On 14 August 1385, at Aljubarrota he led 6,500 volunteers to victory against a Castilian force of over 30,000, thus ending the threat of annexation. He attributed the victory to the Blessed Virgin, whose name, Maria, was inscribed on his sword. Dedicated to Mary, he fasted on Wednesdays, Fridays and Saturdays. The banner he chose as his personal standard bore the image of the cross, of Mary and of the saintly knights James and George. At his own expense he built numerous churches and monasteries, among which was the Carmelite church in Lisbon and the church of Our Lady of Victories at Batalha.

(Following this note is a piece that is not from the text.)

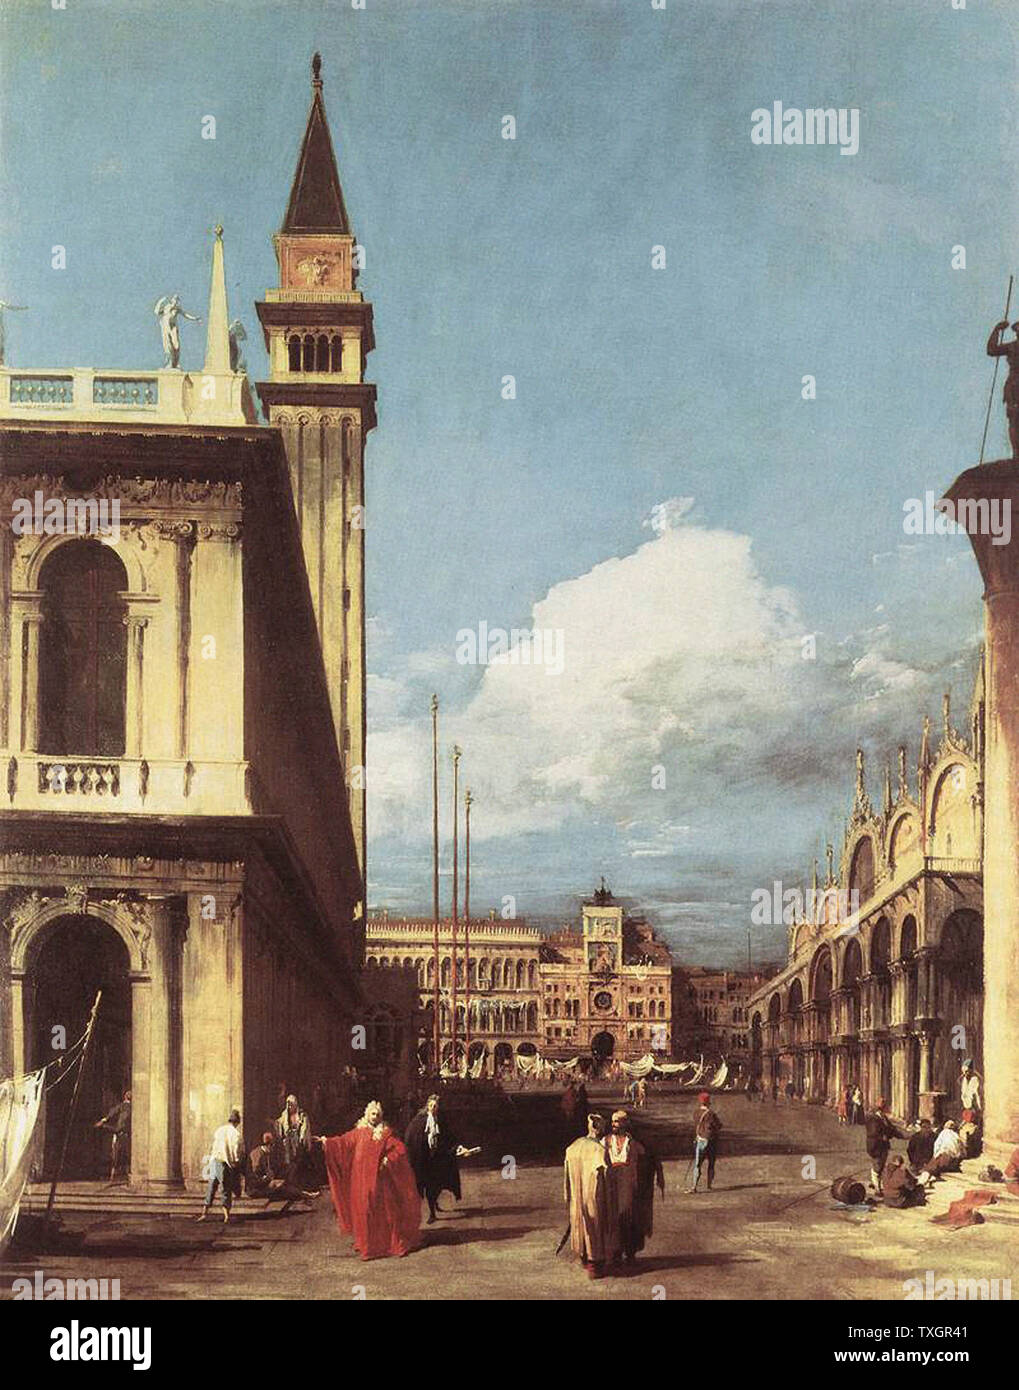 Giovanni Antonio Canal a.k.a Canaletto - Piazzett Looking Toward Clock Tower C 1727 Stock Photo

After the 1383-1385 Crisis, Álvares Pereira was made the count of Arraiolos and Barcelos, which, along with the previous title, were the only three countships existing at the time and which had been taken from nobles who had taken the part of Castile. He was also made the major majordomo of the realm.

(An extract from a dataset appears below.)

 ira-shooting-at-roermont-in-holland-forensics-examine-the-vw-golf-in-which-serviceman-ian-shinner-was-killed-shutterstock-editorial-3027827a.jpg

Not wanting to give the enemy room to manoeuvre, the king of Portugal and his supreme general took the offensive and raided several Castilian towns, defeating once again a much larger Castilian army at the Battle of Valverde. He continued to watch out for the king of Castile until his death in 1390. When hostilities ended, he gave the bulk of his wealth to the veterans.

== Religious life ==
After the death of his wife, he became a Carmelite friar (he joined the Order in 1423) at the Carmo Convent which he had founded in fulfilment of a vow, and took the name of Friar Nuno of Saint Mary (Frei Nuno de Santa Maria). There he lived until his death on 1 November 1431. He was noted for his prayer, his practise of penance and his filial devotion to the Mother of God. Nuno suffered from debilitating arthritis.

During the last year of his life, King John I went to visit and embrace him for the last time. He wept for he considered Nuno Álvares Pereira his closest friend, the man who had put him on the throne and saved his country's independence.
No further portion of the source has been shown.